Work required –
Everything in the listing should be transcribed exactly, apart from the pictures.

Material provided –
○ ○ ○

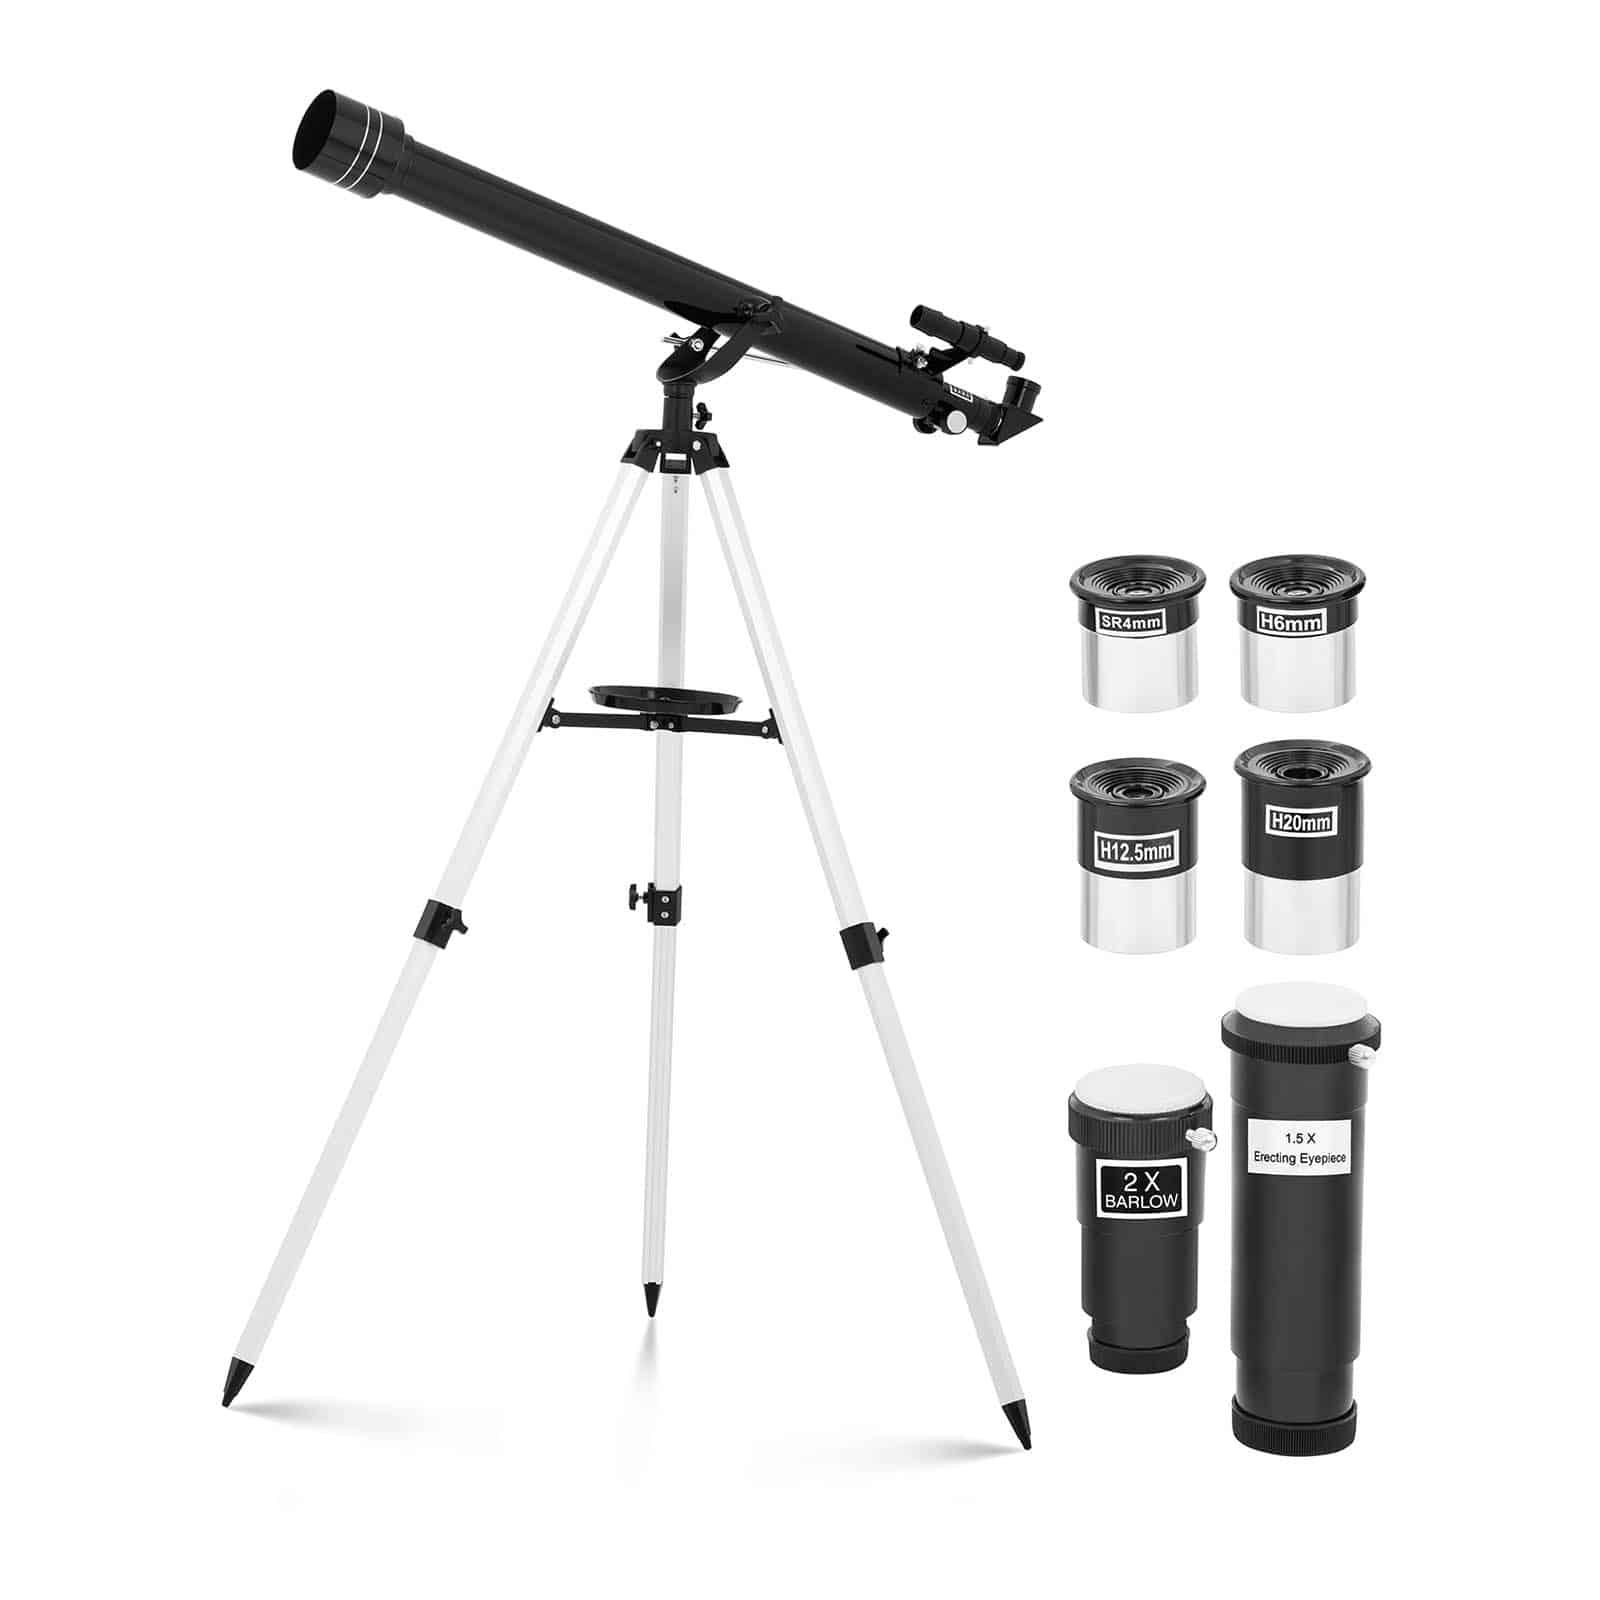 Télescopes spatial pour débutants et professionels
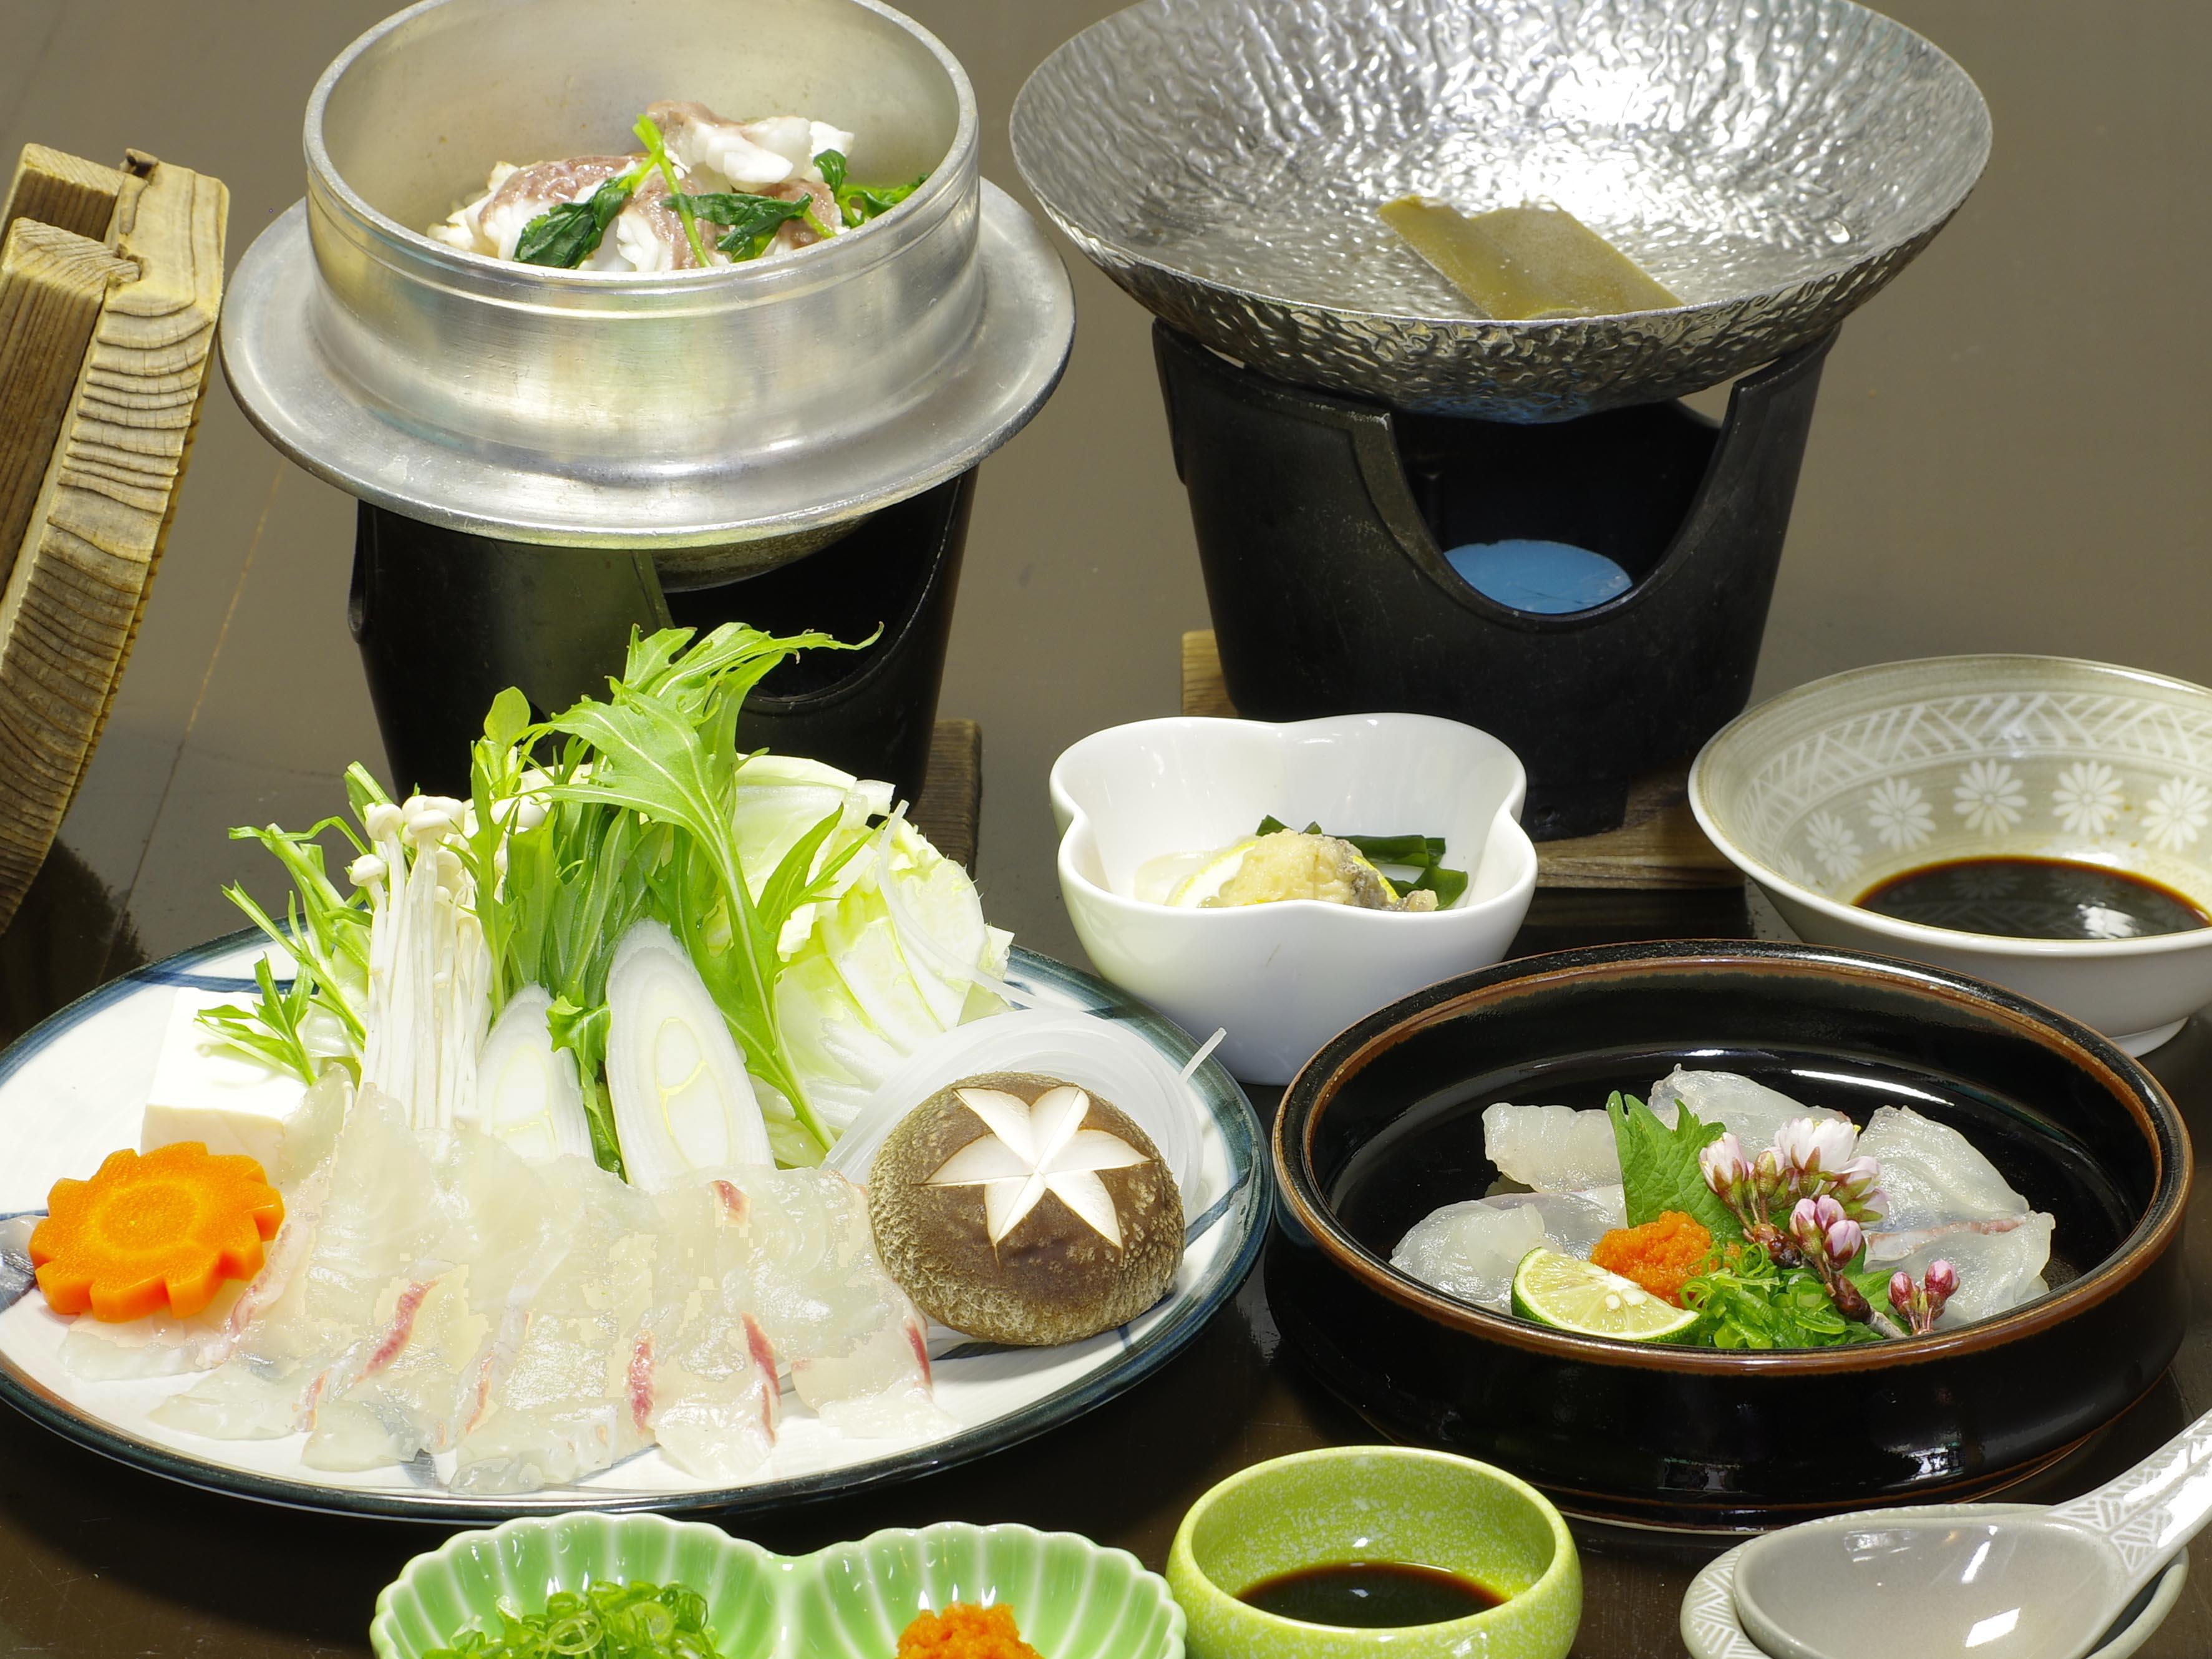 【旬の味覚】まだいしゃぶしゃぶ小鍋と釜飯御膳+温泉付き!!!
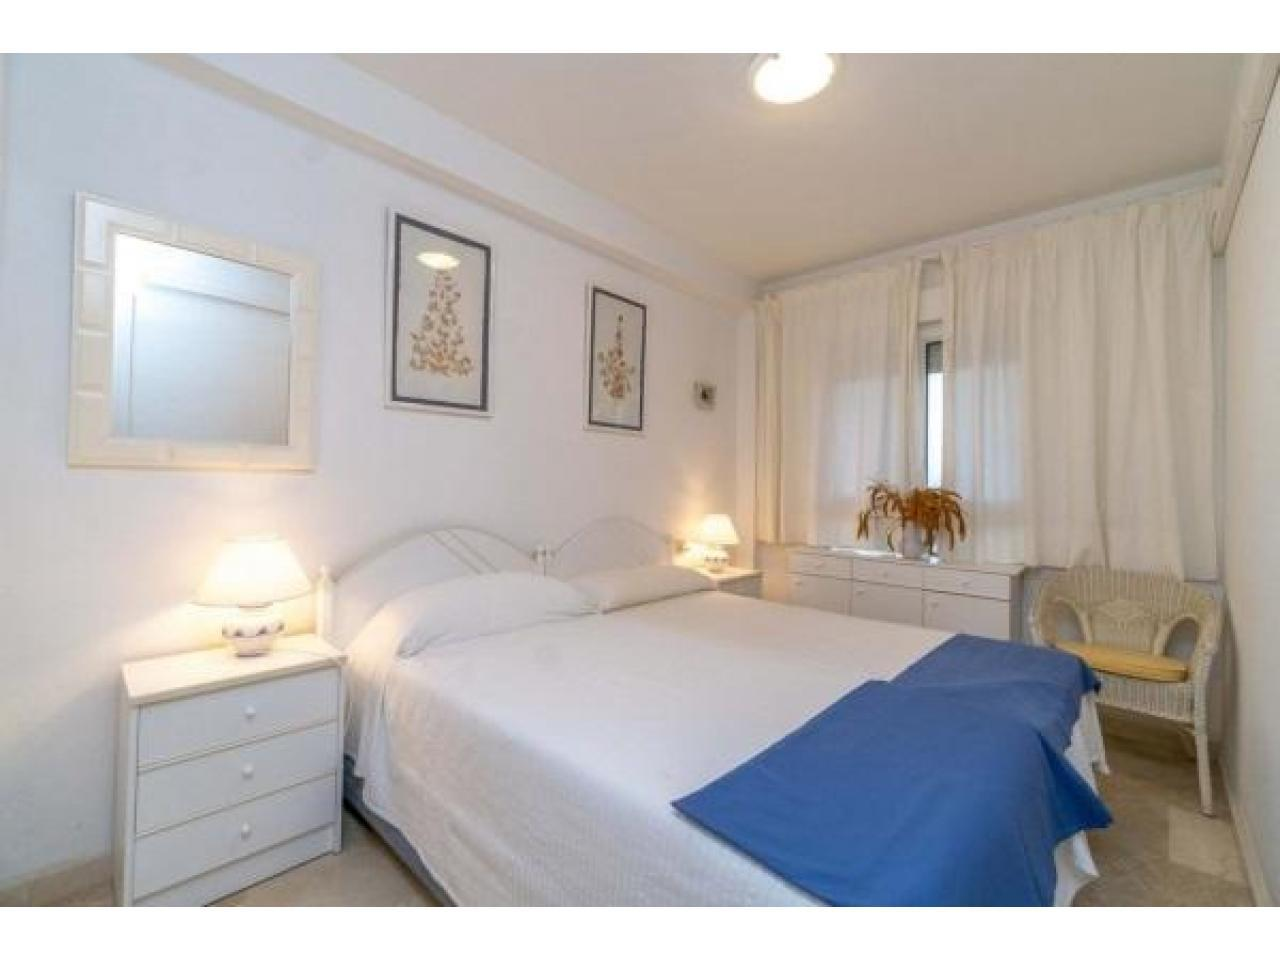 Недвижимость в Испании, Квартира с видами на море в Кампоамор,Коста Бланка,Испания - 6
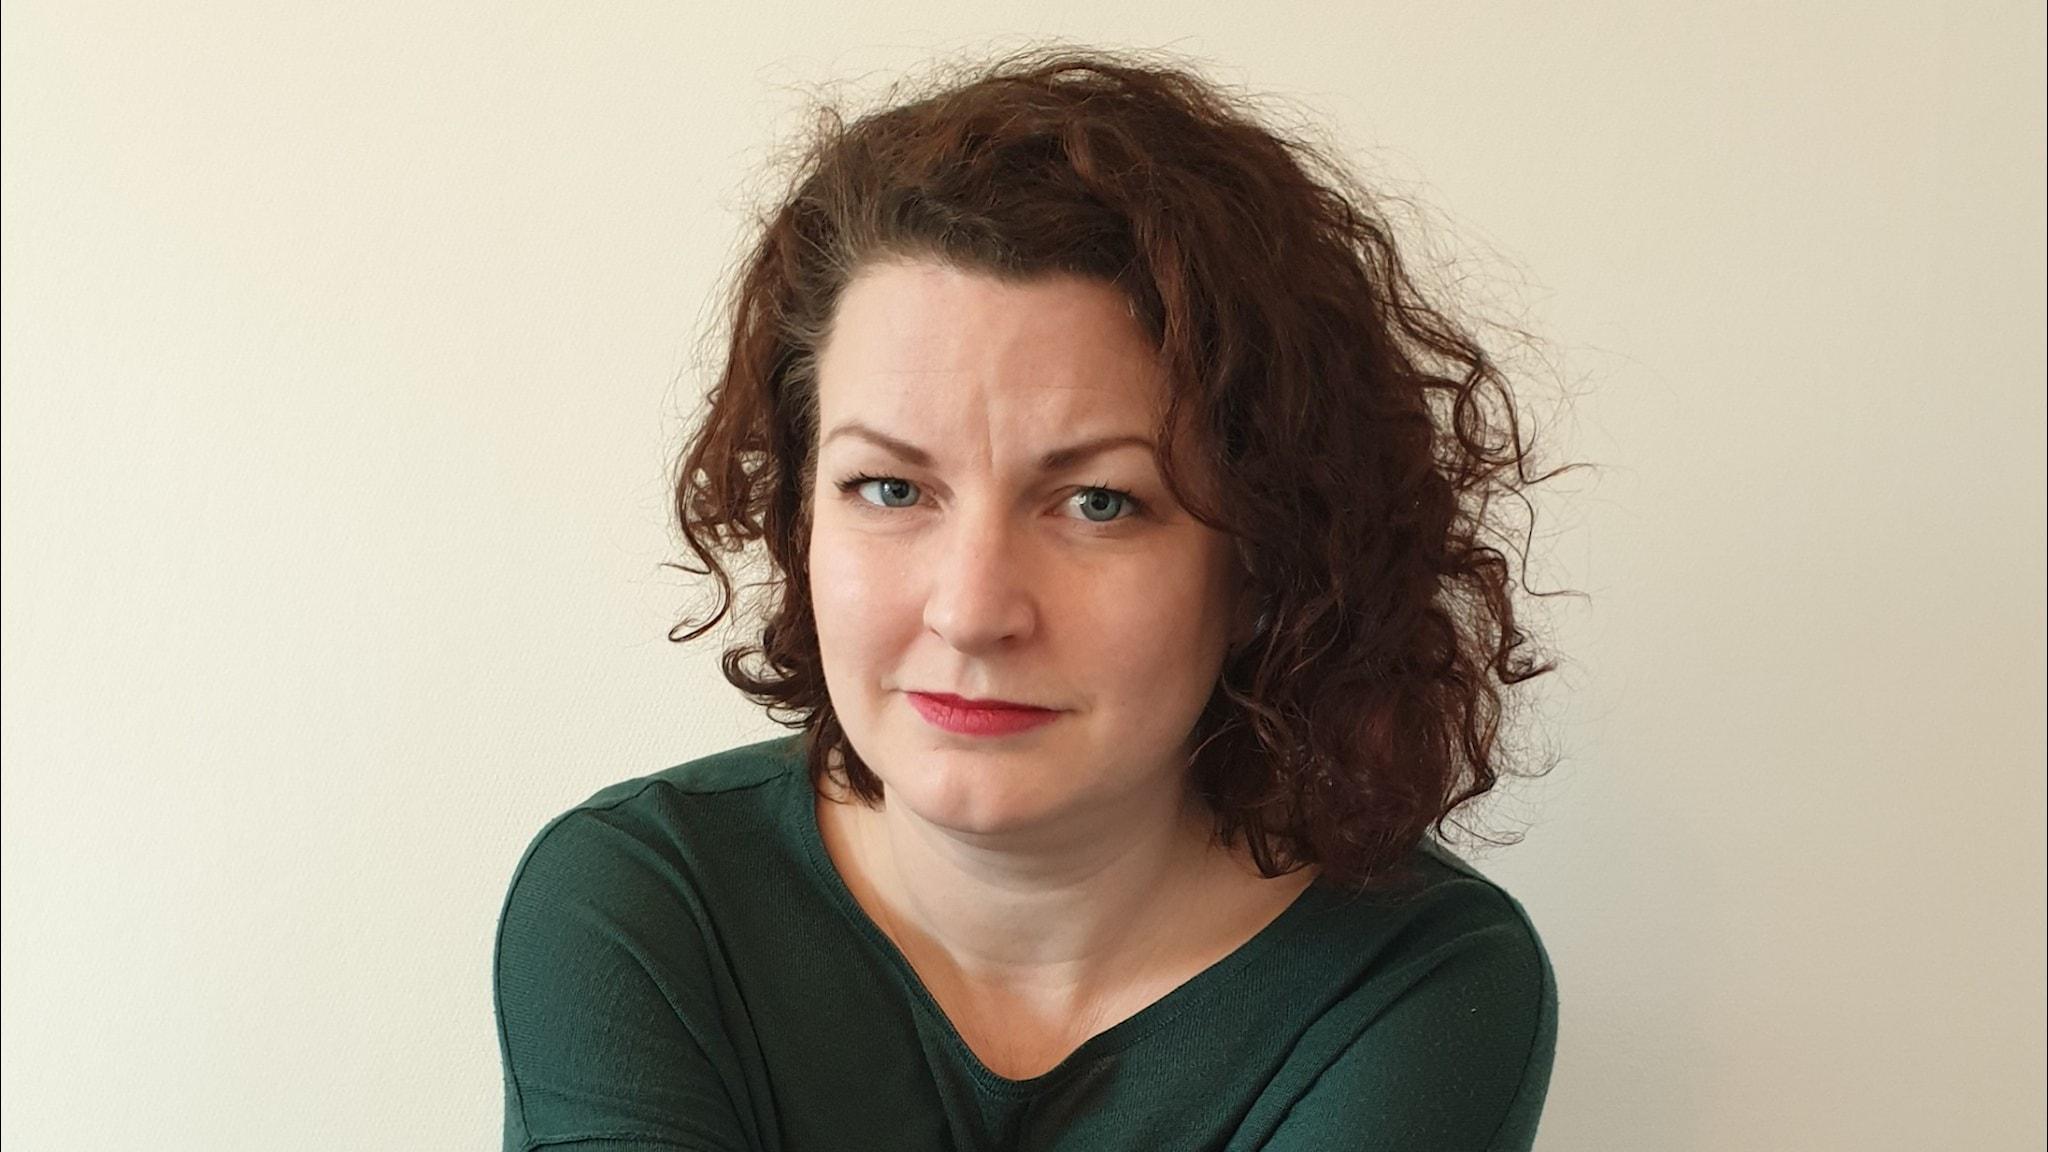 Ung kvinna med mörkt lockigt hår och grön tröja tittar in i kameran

○ ○ ○

Expected output –
 Télescopes spatial pour débutants et professionels
 【旬の味覚】まだいしゃぶしゃぶ小鍋と釜飯御膳+温泉付き!!!
 Недвижимость в Испании, Квартира с видами на море в Кампоамор,Коста Бланка,Испания - 6
 Ung kvinna med mörkt lockigt hår och grön tröja tittar in i kameran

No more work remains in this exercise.